__PROVIDED RECORDS__:
- - -

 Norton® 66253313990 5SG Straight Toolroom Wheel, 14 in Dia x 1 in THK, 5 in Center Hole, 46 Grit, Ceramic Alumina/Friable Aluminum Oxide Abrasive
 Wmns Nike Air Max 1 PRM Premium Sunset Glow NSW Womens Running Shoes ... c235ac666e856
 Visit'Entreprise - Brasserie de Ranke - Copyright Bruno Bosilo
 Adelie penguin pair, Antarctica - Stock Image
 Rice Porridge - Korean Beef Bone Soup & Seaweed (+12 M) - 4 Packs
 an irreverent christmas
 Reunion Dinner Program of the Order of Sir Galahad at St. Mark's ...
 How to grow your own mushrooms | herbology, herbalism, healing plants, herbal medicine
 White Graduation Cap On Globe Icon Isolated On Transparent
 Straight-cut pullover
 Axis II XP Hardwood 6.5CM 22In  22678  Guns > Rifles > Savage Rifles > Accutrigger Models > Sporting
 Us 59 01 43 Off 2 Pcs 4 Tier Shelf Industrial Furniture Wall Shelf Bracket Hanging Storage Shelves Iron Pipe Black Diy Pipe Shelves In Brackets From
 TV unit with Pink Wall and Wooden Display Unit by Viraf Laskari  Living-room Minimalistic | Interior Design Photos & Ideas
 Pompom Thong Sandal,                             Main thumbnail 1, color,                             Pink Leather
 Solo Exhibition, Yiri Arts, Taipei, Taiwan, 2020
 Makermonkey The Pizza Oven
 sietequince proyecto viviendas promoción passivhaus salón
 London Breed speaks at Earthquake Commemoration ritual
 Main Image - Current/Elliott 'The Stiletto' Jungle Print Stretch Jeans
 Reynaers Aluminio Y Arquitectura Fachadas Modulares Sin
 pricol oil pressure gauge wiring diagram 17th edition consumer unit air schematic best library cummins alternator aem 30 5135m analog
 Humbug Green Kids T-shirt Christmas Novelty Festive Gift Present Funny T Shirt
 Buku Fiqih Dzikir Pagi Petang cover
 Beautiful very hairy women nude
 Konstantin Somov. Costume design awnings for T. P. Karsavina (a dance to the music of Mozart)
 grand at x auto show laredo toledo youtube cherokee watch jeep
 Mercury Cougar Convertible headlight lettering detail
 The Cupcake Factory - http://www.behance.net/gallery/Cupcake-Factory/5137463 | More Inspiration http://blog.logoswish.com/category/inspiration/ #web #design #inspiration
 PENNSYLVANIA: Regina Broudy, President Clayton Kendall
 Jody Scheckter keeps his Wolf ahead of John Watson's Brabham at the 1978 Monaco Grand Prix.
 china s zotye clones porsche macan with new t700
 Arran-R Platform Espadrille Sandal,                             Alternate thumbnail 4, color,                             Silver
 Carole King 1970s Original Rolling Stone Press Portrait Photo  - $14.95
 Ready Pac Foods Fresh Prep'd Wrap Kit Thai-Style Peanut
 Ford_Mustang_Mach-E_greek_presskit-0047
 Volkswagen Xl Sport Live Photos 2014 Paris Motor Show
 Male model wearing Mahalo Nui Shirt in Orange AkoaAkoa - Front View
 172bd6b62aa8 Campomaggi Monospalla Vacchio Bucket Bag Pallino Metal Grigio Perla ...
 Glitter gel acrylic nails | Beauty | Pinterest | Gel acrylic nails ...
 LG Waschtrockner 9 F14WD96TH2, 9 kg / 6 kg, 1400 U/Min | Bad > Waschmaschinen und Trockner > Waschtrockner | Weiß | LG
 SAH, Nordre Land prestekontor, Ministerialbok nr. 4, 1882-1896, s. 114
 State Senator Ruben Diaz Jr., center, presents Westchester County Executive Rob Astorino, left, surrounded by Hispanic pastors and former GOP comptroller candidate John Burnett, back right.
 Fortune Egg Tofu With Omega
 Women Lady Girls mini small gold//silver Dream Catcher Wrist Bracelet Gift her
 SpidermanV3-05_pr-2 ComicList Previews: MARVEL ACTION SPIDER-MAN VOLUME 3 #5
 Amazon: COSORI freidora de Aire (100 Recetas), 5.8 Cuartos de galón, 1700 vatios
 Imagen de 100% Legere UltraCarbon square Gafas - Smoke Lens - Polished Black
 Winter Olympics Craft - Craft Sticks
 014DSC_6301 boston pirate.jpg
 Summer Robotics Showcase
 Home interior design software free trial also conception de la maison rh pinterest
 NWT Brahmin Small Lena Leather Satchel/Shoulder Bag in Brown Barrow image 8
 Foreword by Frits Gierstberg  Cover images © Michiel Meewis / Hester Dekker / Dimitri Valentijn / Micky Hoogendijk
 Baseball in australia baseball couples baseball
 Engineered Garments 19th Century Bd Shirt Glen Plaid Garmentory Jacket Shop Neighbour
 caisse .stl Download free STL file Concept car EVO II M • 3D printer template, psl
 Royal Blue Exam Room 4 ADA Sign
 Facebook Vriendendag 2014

- - -

__WORK INSTRUCTION__: Copy word for word the stretch of entries above from the line that has "Arran-R Platform Espadrille" through the line that has "Volkswagen Xl Sport", both ends included, and nothing outside it.

__SOLUTION TO THE PROBLEM__:
 Arran-R Platform Espadrille Sandal,                             Alternate thumbnail 4, color,                             Silver
 Carole King 1970s Original Rolling Stone Press Portrait Photo  - $14.95
 Ready Pac Foods Fresh Prep'd Wrap Kit Thai-Style Peanut
 Ford_Mustang_Mach-E_greek_presskit-0047
 Volkswagen Xl Sport Live Photos 2014 Paris Motor Show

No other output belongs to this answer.